A secret weapon, if you will, that is being developed at Western University in London, Ontario, to examine humanity's greatest viral risks could help prepare Canada and the rest of the globe for the next pandemic.
According to Western Prof. Eric Arts, who will serve as executive director of the new Pathogen Research Centre and holds the Canada Research Chair in HIV pathogenesis and viral control, "[this is] the next level, in terms of having a facility that truly can make a difference" (PRC).
This will be incredibly incredible and completely alter how we tackle these issues. The PRC, which is expected to be constructed within the next two years, will resemble a department of viral defense and function as both a simulated battlefield and an arsenal. It will enable researchers to learn how germs spread in human environments and to create new defenses against them in the hope of preventing the next pandemic before it starts.
Testing viruses in human-like environments
Federal cash totaling $16 million will go toward the new lab. It is a component of a larger package of funding for eight colleges that the Canada Foundation for Innovation announced this month to maintain Canada's position as a leader in the field of preventing local outbreaks from spreading to cause major public health crises.
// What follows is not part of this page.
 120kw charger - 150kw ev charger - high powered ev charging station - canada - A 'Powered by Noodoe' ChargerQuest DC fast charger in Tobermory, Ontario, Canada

The COVID-19 pandemic, according to Roseann O'Reilly Runte, president and CEO of the Canada Foundation for Innovation, "clearly demonstrated the importance of cutting-edge research in infectious diseases" and "ensuring labs meet standards and are well equipped to combat new challenges in biosciences."
The PRC's goal is to comprehend how viruses spread in actual human contexts with accurate conditions, like airplane cabins, operating rooms in hospitals, and even public restrooms.
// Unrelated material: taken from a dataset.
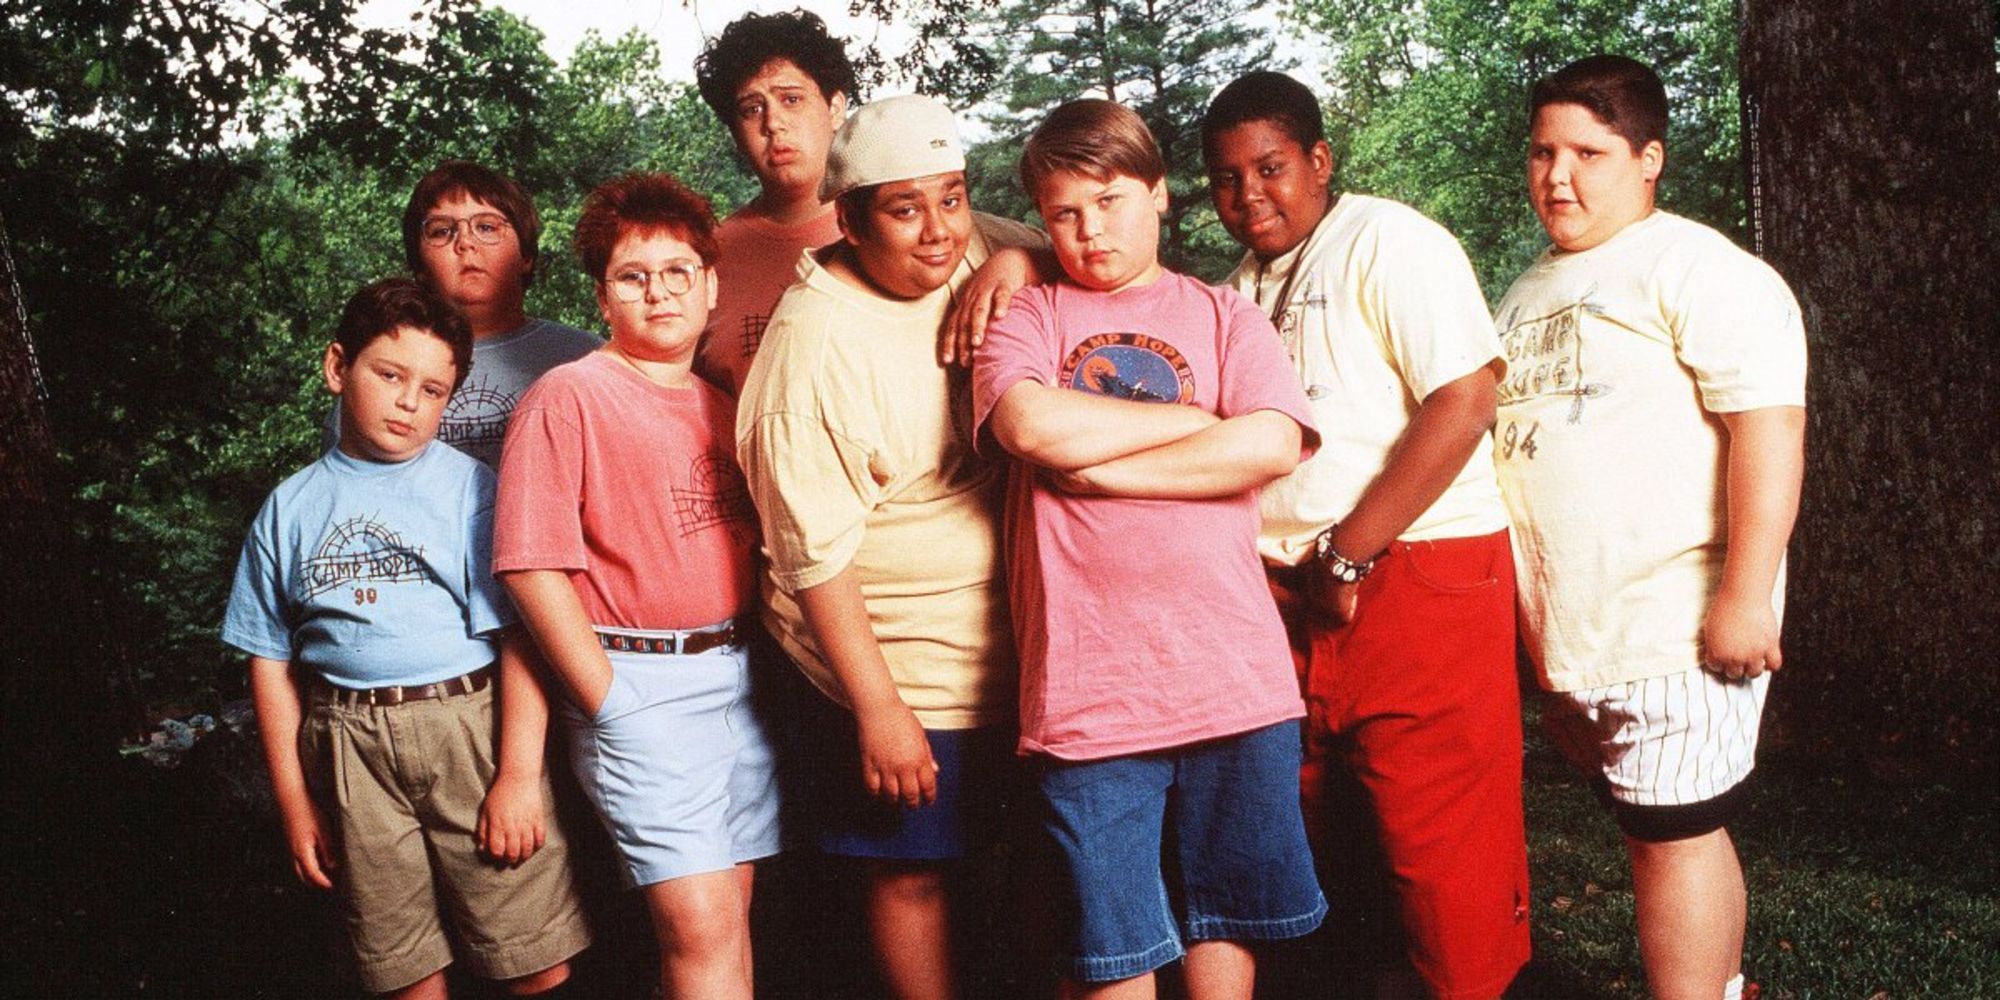 The cast of Heavyweights posing for a photo.

According to Arts, his team is trying to identify the precise circumstances that would account for the specific kinds of superspreader events that grabbed attention during the COVID-19 pandemic's most anxious days.
"We'll have mimic people, like mannequins in these chairs that perform regular breathing, and we'll be spraying the virus in a space that, for example, is a slice of an airline cabin."
Arts and his team utilize artificial lungs lined with cells similar to those found in real lungs to give mannequins the ability to breathe. They then pump air into the lungs at the same respiration rate and air pressure that occurs during regular breathing. To comprehend how different surfaces, temperatures, humidity, and wind flow affect the transmission, this is done.
"By doing this, we can consider how to keep people from getting sick as well. We'll be able to do it more skillfully."
The worldwide COVID-19 pandemic overflowed hospitals and cemeteries, and while people stayed at home from work and shopping to prevent the virus from spreading, it led to significant economic losses.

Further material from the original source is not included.